LGC Clinical Diagnostics develops and manufactures a comprehensive portfolio of catalog and custom-developed diagnostic quality solutions and component materials for the extended life sciences industry. We partner with IVD assay developers, and pharmaceutical, CRO and academic institutions in commercialization activities across the entire diagnostic pipeline - from concept and early stage research, through expedited product development and onwards into routine clinical use. Laboratorians and diagnostic professionals across disciplines of clinical chemistry, immunochemistry, serology, molecular diagnostics and clinical genomics rely on LGC’s products to support accurate and reliable diagnostic results.

Our operating entities include Maine Standards Company, SeraCare Life Sciences, and Technopath Clinical Diagnostics, which are in vitro diagnostics (IVD) manufacturers of quality measurement tools (calibrators, controls, linearity, EQA/PT, biological materials) and the Native Antigen Company, which is a manufacturer and supplier of viral antigens. Our 400+ employees operate FDA-registered and ISO 13485-accredited facilities in Maine (USA), Massachusetts (USA), Maryland (USA), Tipperary (Ireland), and an ISO 9001-accredited facility in Oxford, UK.

Each day, our world-class staff, scientific expertise, operational efficiency and superior quality systems are ready to support the range of advanced technologies that collectively improve patient outcomes - from the widely adopted and established through to cutting-edge NGS and precision diagnostics.

Job Purpose

The Associate Product Manager – Somatic Cancer will be responsible for supporting the company’s flagship Seraseq® product line to help expedite NGS assay development and validation for a broad range of precision medicine-focused applications (e.g., tumor profiling, immuno-oncology treatment response, and liquid biopsy). Activities include product lifecycle management, product launch, market research, and sales support. This position requires good cross-functional communication and collaboration to ensure product release timelines and performance objectives are met.

Key Responsibilities

• Manage the lifecycle for Seraseq® somatic cancer products, from commercialization through end-of-life.
• Provide regular sales support, including support of custom opportunities.
• Work closely with internal planning teams to ensure inventory availability of on-market products.
• Participate in market research projects to identify customer problems and unmet needs and build business cases for new product opportunities.
• Function as a Core Team Member for New Product Development initiatives, interfacing with R&D, Manufacturing, Quality, and Sales.
• Provide support for product launch activities in collaboration with Marketing Communications.
• Monitor, evaluate, and report on product line financial metrics.
• Attend and support key business events and trade shows.
• Ensure internal stakeholders receive the information necessary to meet their goals.
• Promote an environment supportive of teamwork, positive communication, and respect.
• Build strong relationships with sales, business development, technical, marketing, and operations teams.

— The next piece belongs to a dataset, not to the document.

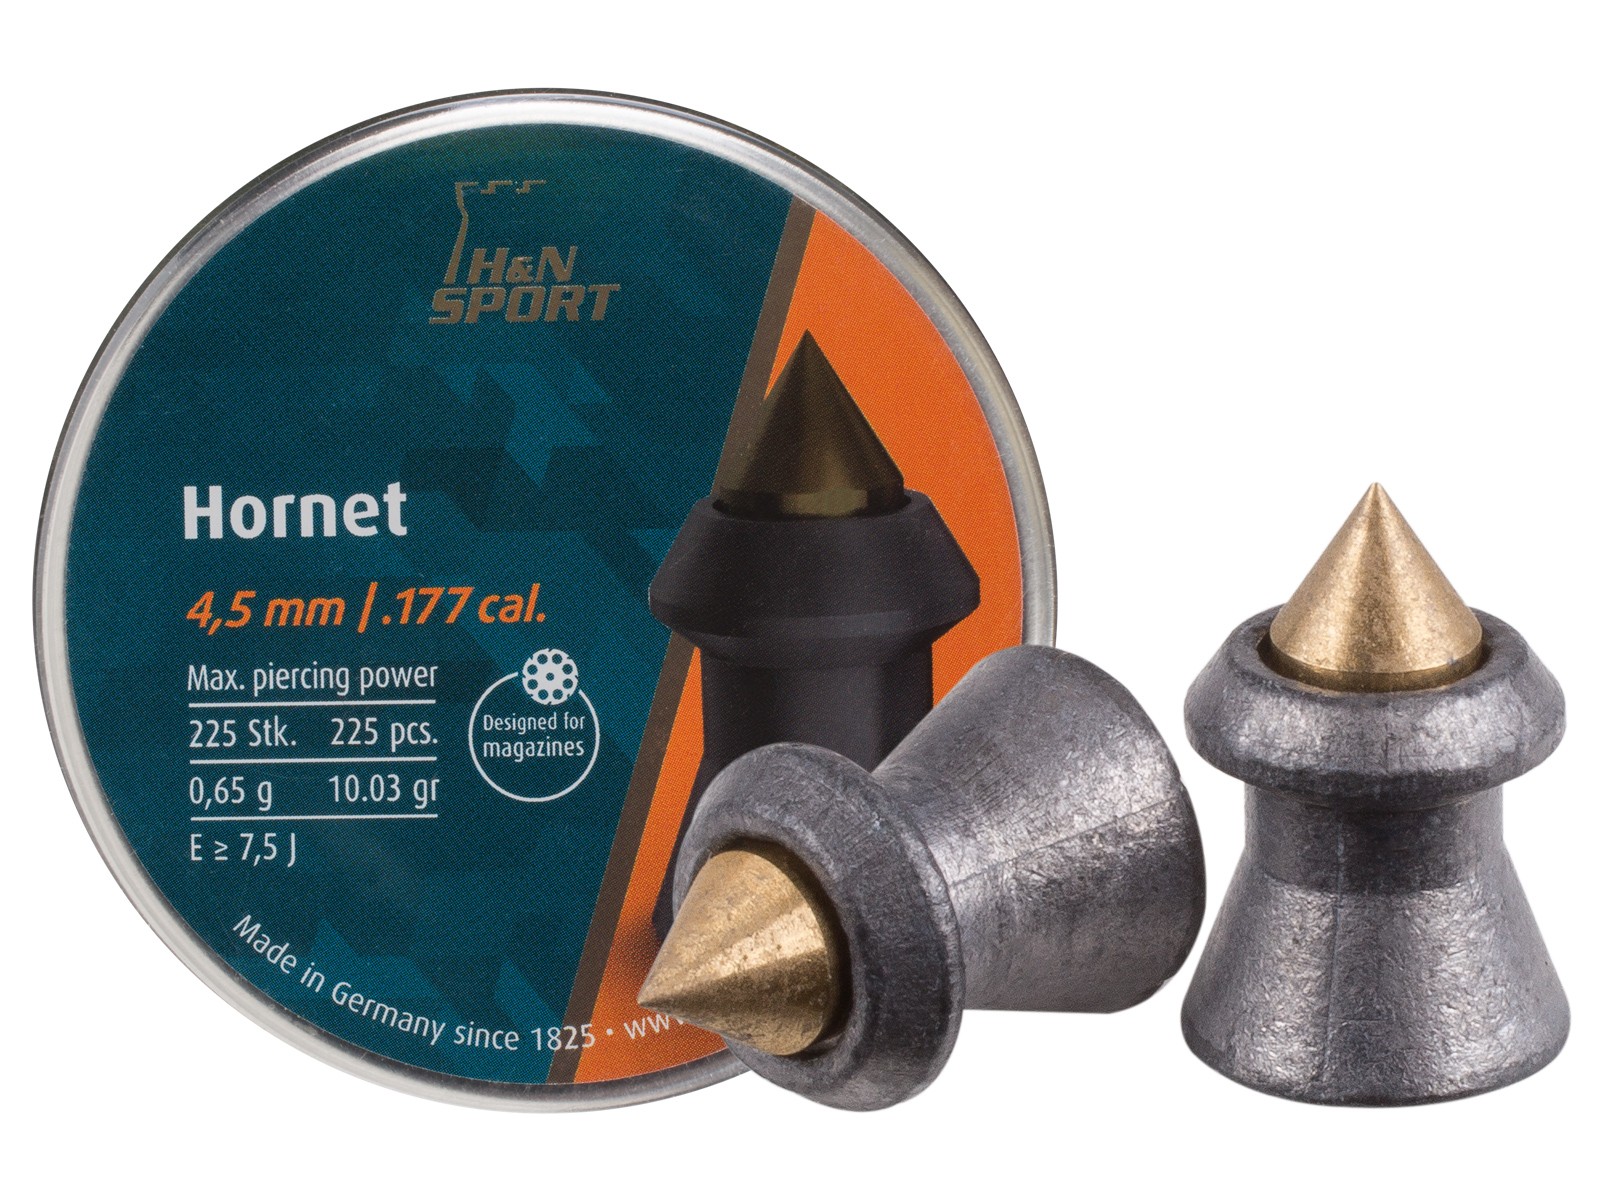 H&N Pointed Spitzkugel Light and Accurate Target Shooting .177 & .22 Pellets

Knowledge, Experience And Technical Skills

• Ability to comprehend and synthesize complex technical information to support sound decision-making.
• Demonstrated ability to manage product lifecycles and support global product launches.
• Proven track record of interacting with customers and acting as the Voice of the Market.
• Effective analytical and financial skills; prior experience with business case building preferred.
• Experience utilizing Microsoft Office, including Excel, PowerPoint, and Word.
• Good oral and written communication, with effective meeting and presentation skills.
• Self-motivated and demonstrated ability to manage projects in a team-based work environment.

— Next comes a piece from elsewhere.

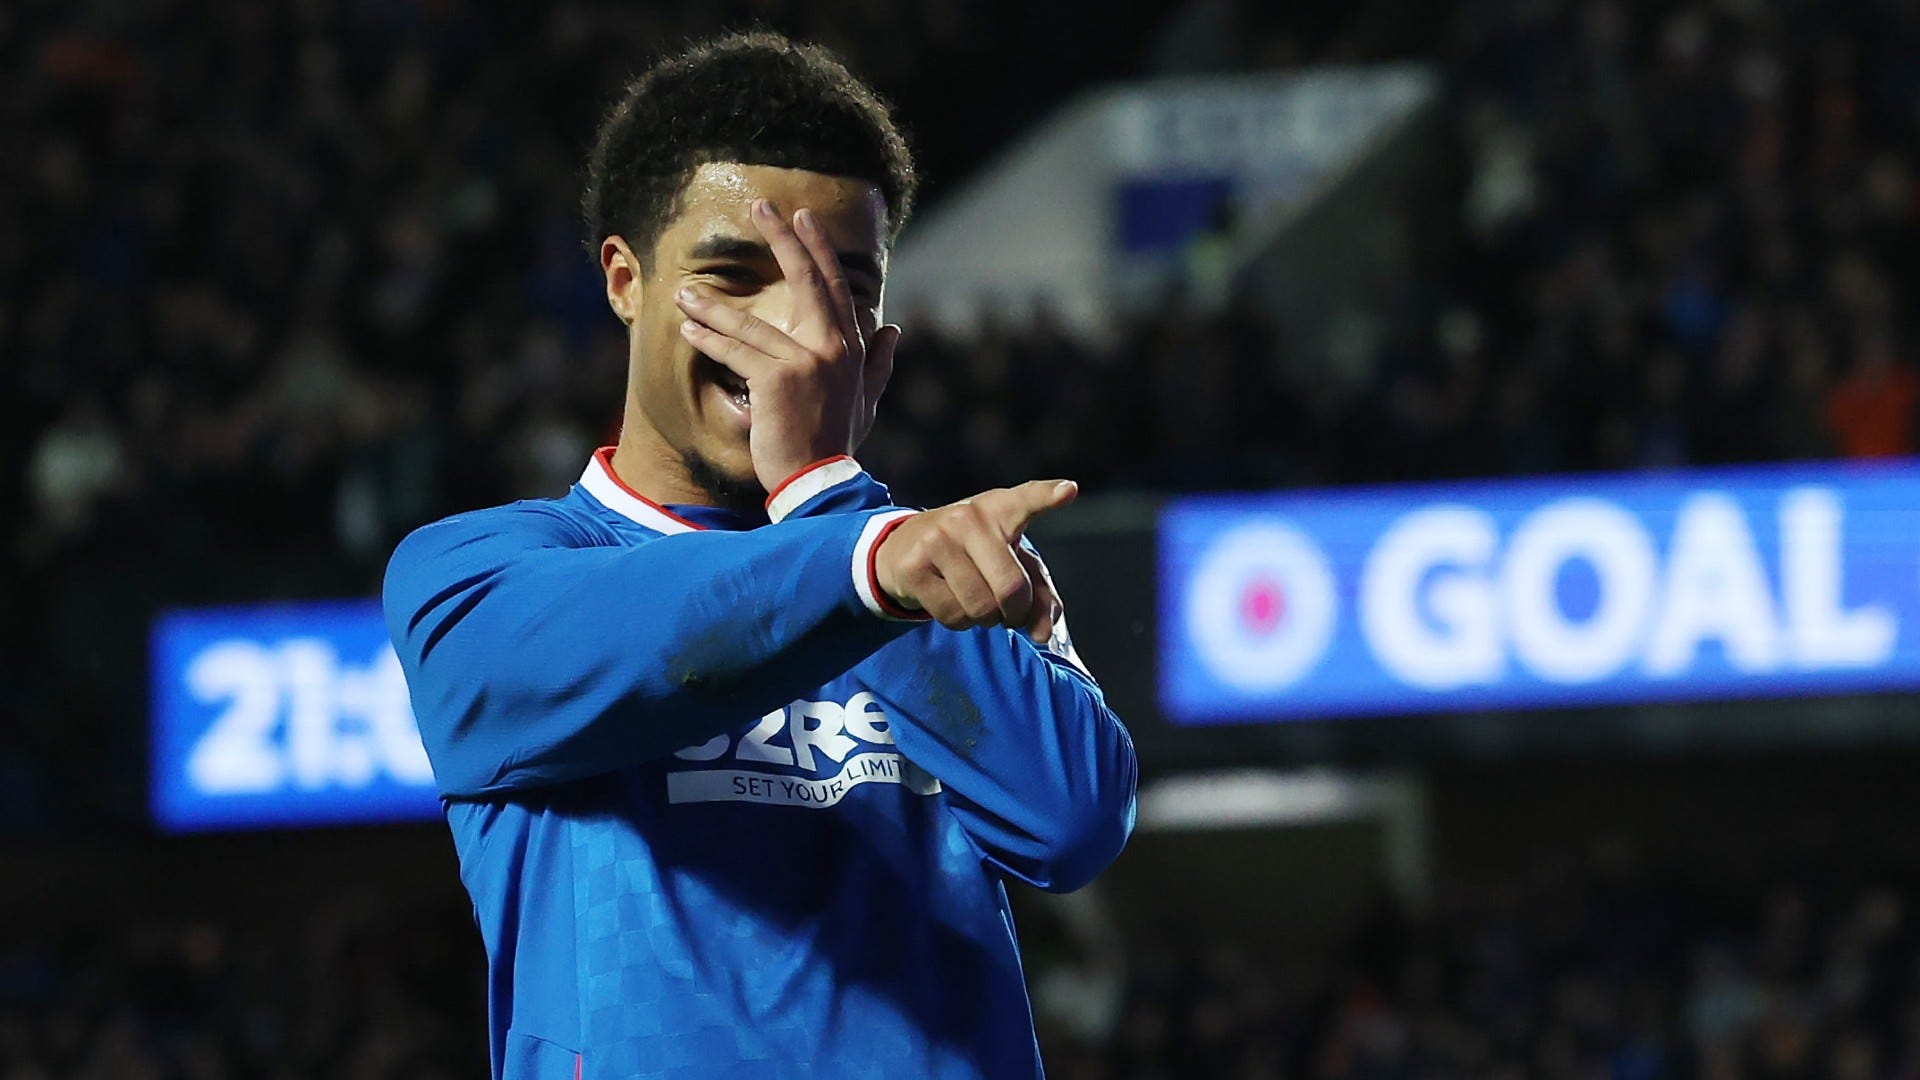 USMNT starlet Tillman is on fire! Midfielder scores again for Rangers to continue incredible loan spell

Education And/or Experience

• Bachelor’s Degree in a scientific discipline (Molecular Biology, Oncology, or related).
• 1-3+ years of product management, marketing, FAS, or technical experience in the biotech/life science industries.
• Strong history of supporting RUO/IVD product launch execution preferred.
• NGS industry experience preferred, with a focus on clinical genomics and oncology.

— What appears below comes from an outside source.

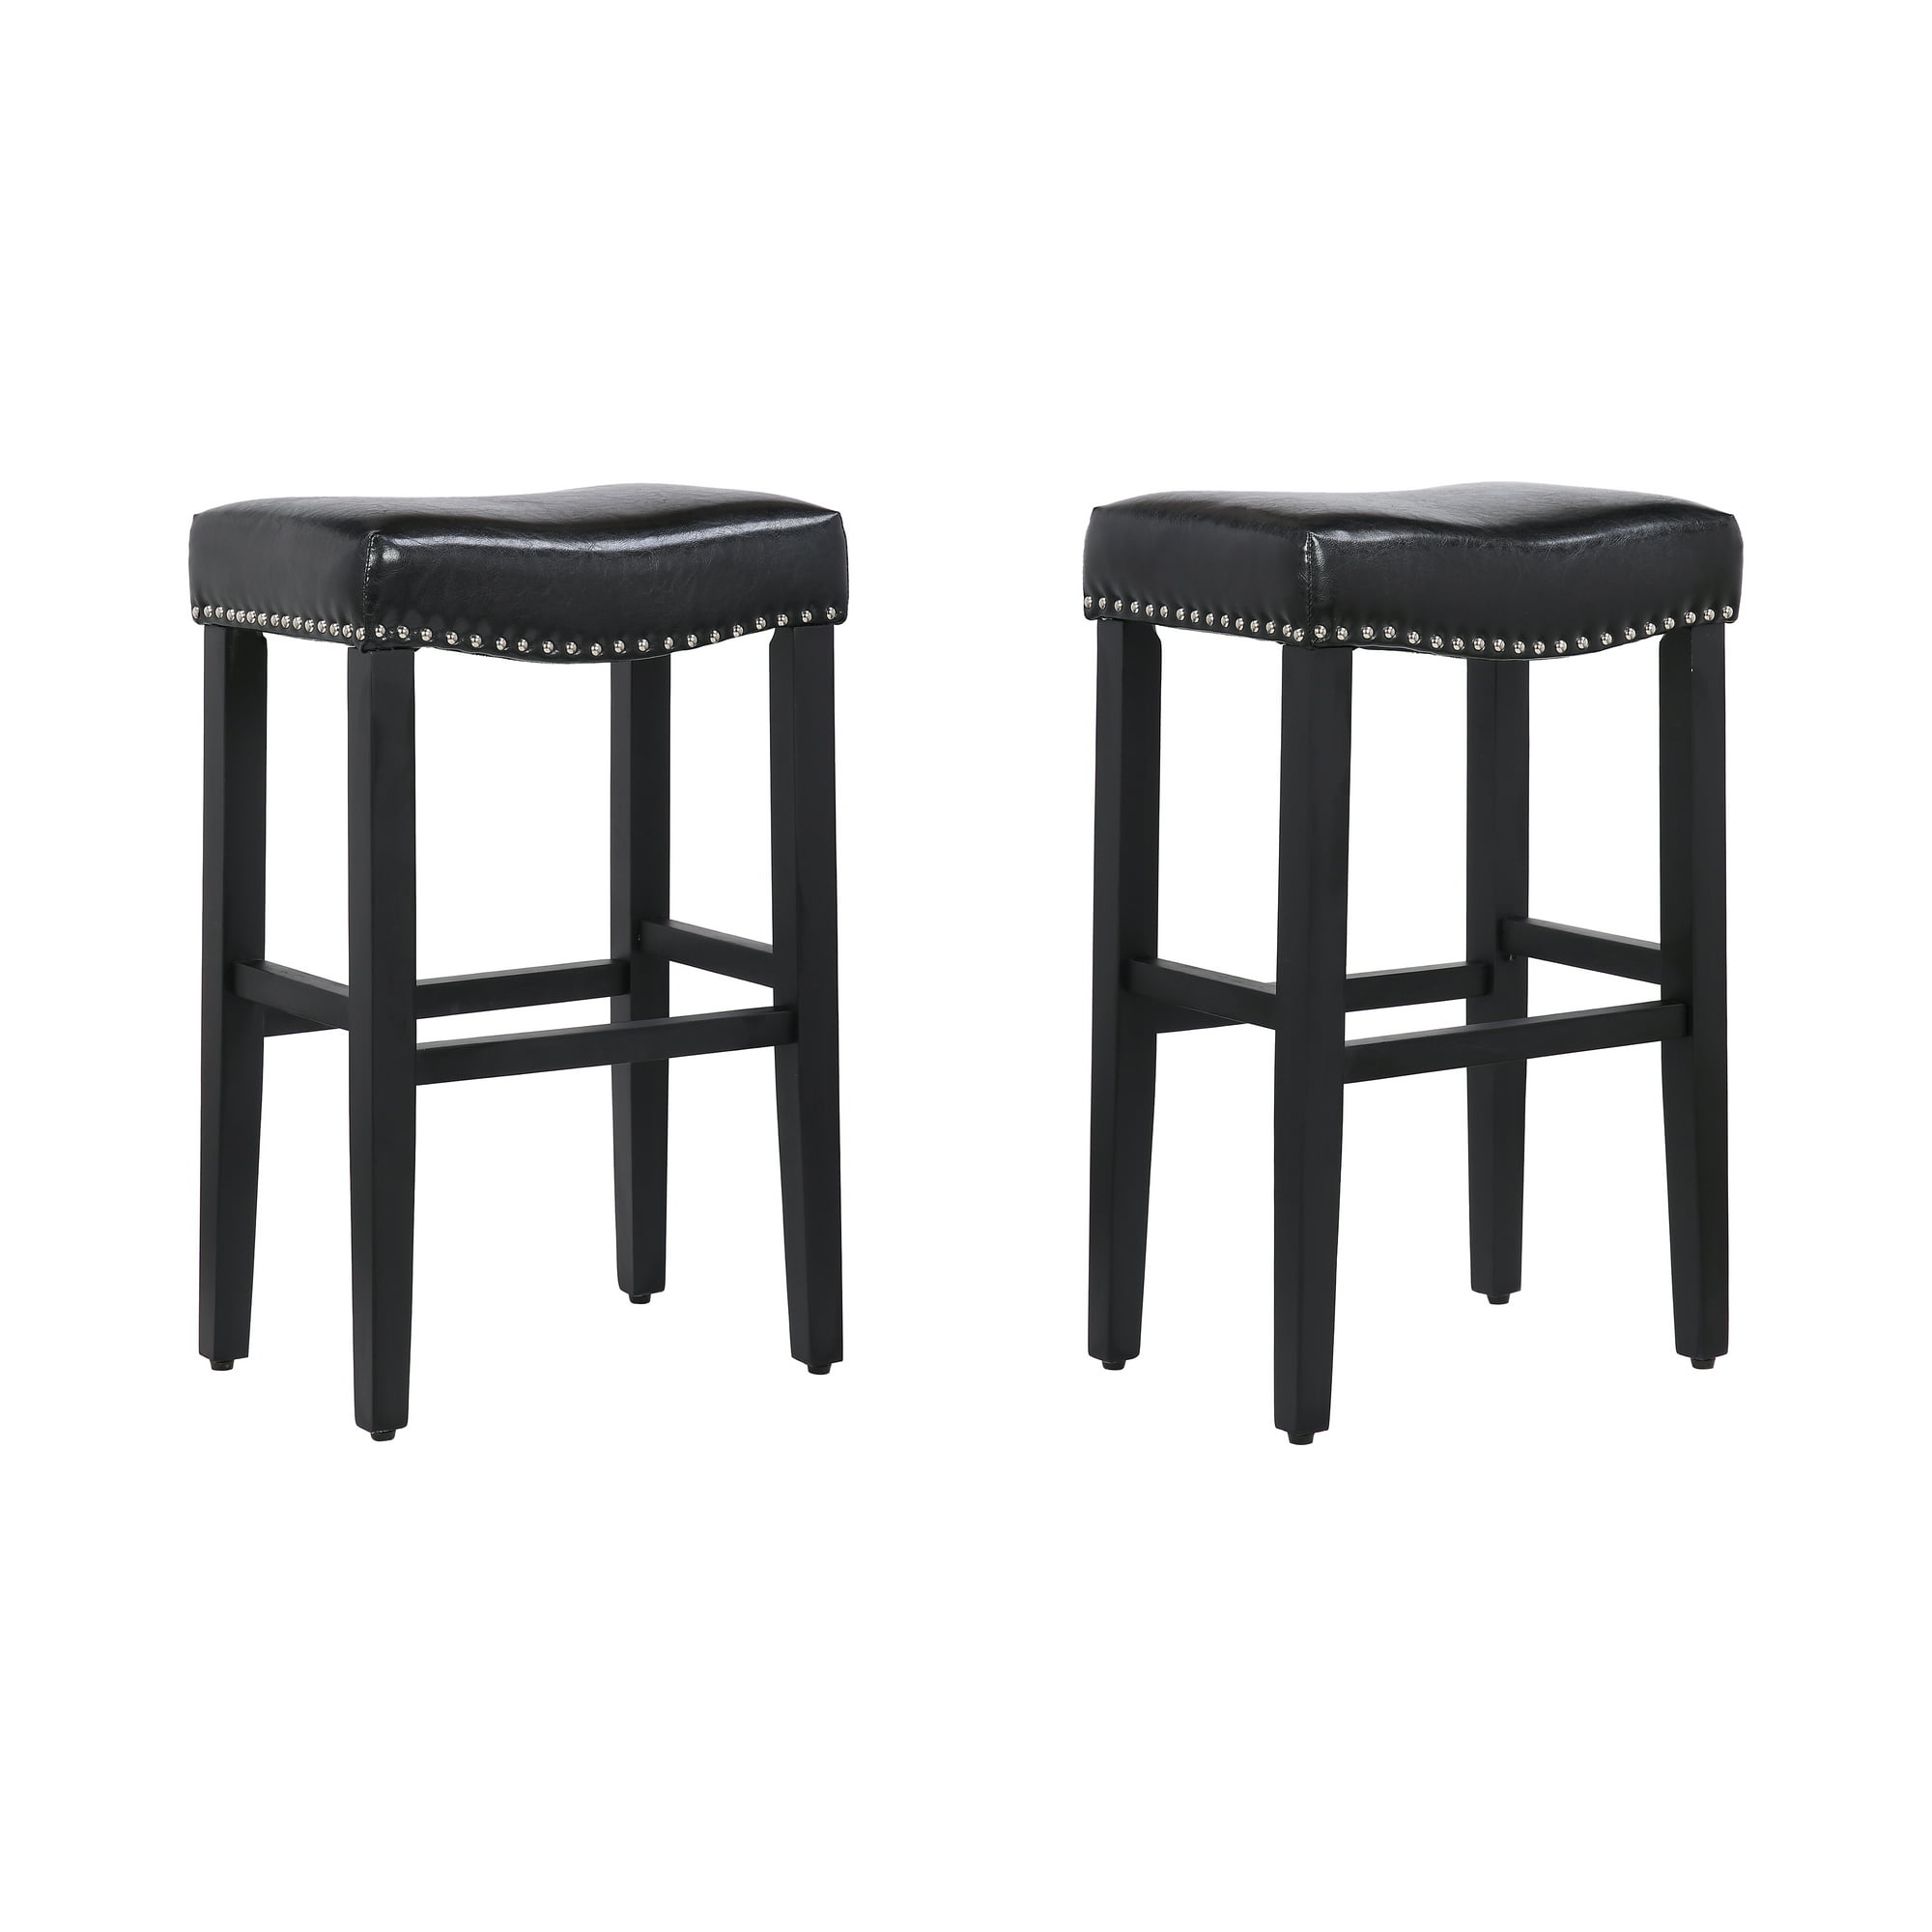 WestinTrends Black Bar Stools Set of 2, 29 Inch Tall Farmhouse Kitchen  Wooden Saddle Stool Chair, Leather Upholstered Cushion with Solid Wood Leg

Able to travel 20% or more as needed.

Physical Demands

The physical demands are representative of those that must be met by an employee to successfully perform the essential functions of this job. Reasonable accommodations may be made to enable individuals with disabilities to perform the essential functions.

Requires prolonged sitting and working at a computer monitor. Repetitive motion using a keyboard for long periods of time. May occasionally be required to lift and move material weighing up to 10 lbs.

Work Environment

The work environment characteristics are representative of those an employee encounters while performing the essential functions of this job. Reasonable accommodations may be made to enable individuals with disabilities to perform the essential functions.

Agreeable work environment typical of an open office setting with some exposure to noise from office machines.